ASSIGNMENT :: Through the last line of the material below, starting at the line with "Rent office space", return every line exactly and only those.

DATA EXCERPTS ::
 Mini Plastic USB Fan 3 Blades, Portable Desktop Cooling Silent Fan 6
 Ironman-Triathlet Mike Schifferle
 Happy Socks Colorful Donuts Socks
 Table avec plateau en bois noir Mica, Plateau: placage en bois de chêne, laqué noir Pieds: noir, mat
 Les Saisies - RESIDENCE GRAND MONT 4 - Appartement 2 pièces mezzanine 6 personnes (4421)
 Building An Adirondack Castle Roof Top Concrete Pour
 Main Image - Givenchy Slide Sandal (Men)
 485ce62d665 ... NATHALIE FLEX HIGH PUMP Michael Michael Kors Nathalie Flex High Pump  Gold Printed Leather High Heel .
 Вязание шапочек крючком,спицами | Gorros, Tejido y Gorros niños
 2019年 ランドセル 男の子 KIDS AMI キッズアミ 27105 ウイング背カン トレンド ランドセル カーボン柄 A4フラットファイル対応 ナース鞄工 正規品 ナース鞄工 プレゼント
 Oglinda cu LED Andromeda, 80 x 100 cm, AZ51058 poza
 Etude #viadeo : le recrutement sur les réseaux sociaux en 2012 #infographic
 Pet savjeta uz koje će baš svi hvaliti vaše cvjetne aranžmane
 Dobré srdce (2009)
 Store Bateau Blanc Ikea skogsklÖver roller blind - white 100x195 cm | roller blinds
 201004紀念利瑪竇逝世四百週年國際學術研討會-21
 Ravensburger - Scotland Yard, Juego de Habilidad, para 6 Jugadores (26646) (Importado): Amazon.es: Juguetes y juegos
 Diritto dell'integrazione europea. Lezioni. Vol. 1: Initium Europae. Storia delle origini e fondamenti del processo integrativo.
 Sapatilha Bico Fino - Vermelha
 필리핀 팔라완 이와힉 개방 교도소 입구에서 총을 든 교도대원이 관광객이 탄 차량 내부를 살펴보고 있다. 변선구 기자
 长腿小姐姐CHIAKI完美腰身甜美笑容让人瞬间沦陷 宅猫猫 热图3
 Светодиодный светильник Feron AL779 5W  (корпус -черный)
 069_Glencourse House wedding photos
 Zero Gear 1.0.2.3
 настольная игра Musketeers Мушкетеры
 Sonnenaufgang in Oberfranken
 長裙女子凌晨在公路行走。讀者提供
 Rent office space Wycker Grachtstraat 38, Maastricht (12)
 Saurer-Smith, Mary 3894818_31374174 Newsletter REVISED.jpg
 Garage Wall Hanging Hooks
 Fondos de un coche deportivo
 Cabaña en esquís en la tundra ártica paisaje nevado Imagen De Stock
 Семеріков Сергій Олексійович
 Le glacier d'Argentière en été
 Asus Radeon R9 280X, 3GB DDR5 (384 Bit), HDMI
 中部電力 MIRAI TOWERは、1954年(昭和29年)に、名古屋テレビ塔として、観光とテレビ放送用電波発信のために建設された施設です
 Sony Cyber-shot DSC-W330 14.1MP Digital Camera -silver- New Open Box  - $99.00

RESPONSE FOR THIS EXERCISE ::
 Rent office space Wycker Grachtstraat 38, Maastricht (12)
 Saurer-Smith, Mary 3894818_31374174 Newsletter REVISED.jpg
 Garage Wall Hanging Hooks
 Fondos de un coche deportivo
 Cabaña en esquís en la tundra ártica paisaje nevado Imagen De Stock
 Семеріков Сергій Олексійович
 Le glacier d'Argentière en été
 Asus Radeon R9 280X, 3GB DDR5 (384 Bit), HDMI
 中部電力 MIRAI TOWERは、1954年(昭和29年)に、名古屋テレビ塔として、観光とテレビ放送用電波発信のために建設された施設です
 Sony Cyber-shot DSC-W330 14.1MP Digital Camera -silver- New Open Box  - $99.00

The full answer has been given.